Hmm, why does the open() of device node of a stopped device cause an "add"?
Shouldn't it just return a failure, instead of creating a device?

> A bit unfortunate really.  This didn't happen when I had
> ONLINE/OFFLINE as udev ignored the OFFLINE.
> I guess I can removed the CHANGE at shutdown, but as there really is a
> change there, that doesn't seem right.

Yeah, it's the same problem we had with device-mapper, nobody could
think of any useful action at a dm-device suspend "change"-event, so we
didn't add it. :)   

> The real problem is that udev opens the device, and md interprets and
> 'open' as a request to create the device. And udev see the open and an
> ADD and so opens the device

Yes, current udev rules are written to to so, md needs to be excluded
from the list of block devices which are handled by the default
persistent naming rules, and moved to its own rules file.

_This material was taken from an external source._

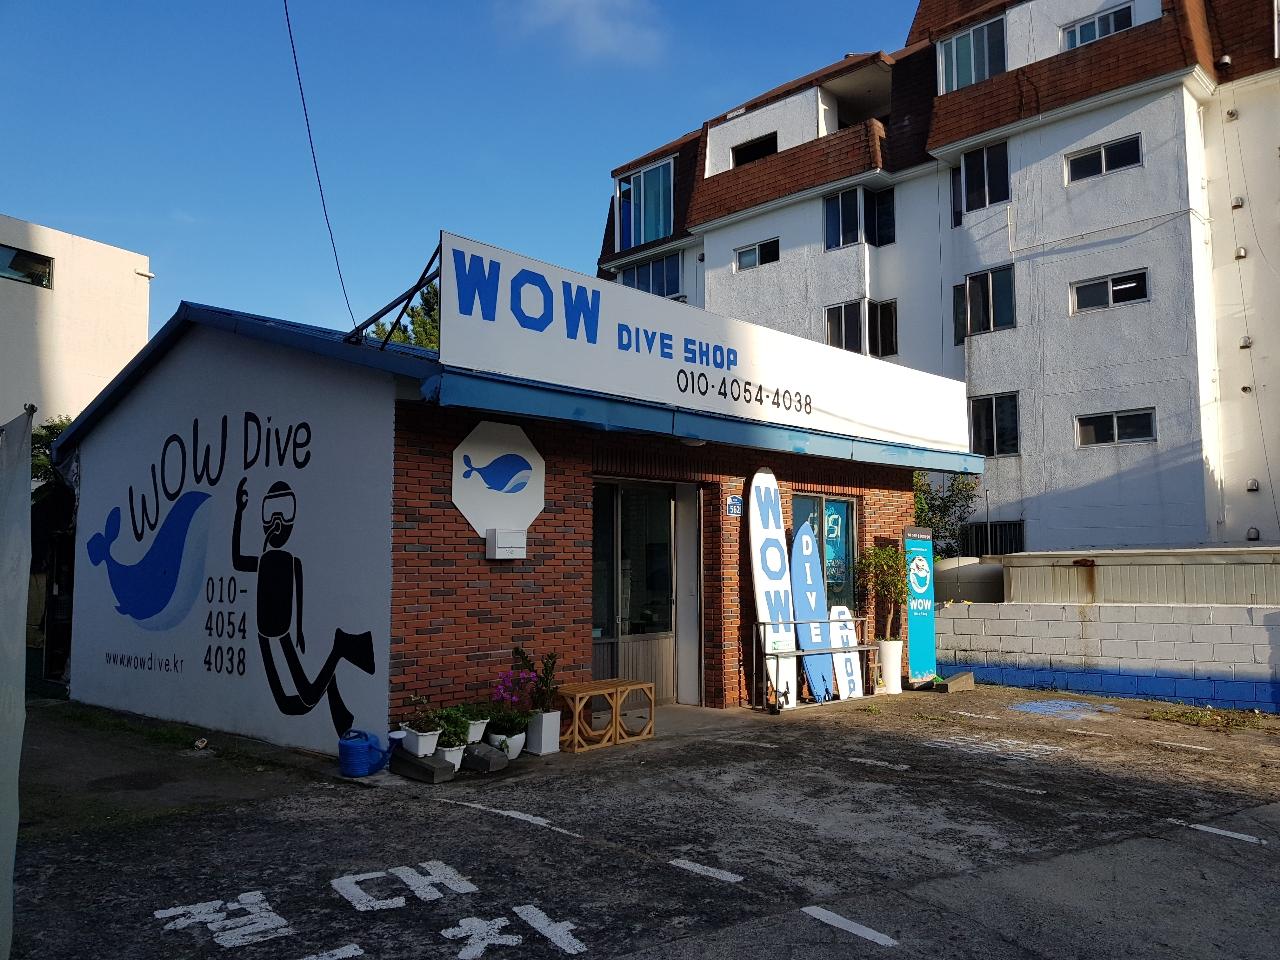 Wow Dive Shop

We did the
same for device-mapper to ignore some "private" dm-* volumes like
snapshot devices. 

> It's not clear to me what the 'right' thing to do here is:
>  - I could stop removing the device on last-close, but I still
>think that (the current situation) is ugly.
>  - I could delay the remove until udev will have stopped poking,
>but that is even more ugly
>  - udev could avoid opening md devices until it has poked in 
>/sys/block/mdX to see what the status is, but that is very specific
>to md
> 
> It would be nice if I could delay the add until later, but that would
> require major surgery and probably break the model badly.
> 
> On the whole, it seems that udev was designed without thought to the
> special needs of md, and md was designed (long ago) without thought
> the ugliness that "open creates a device" causes.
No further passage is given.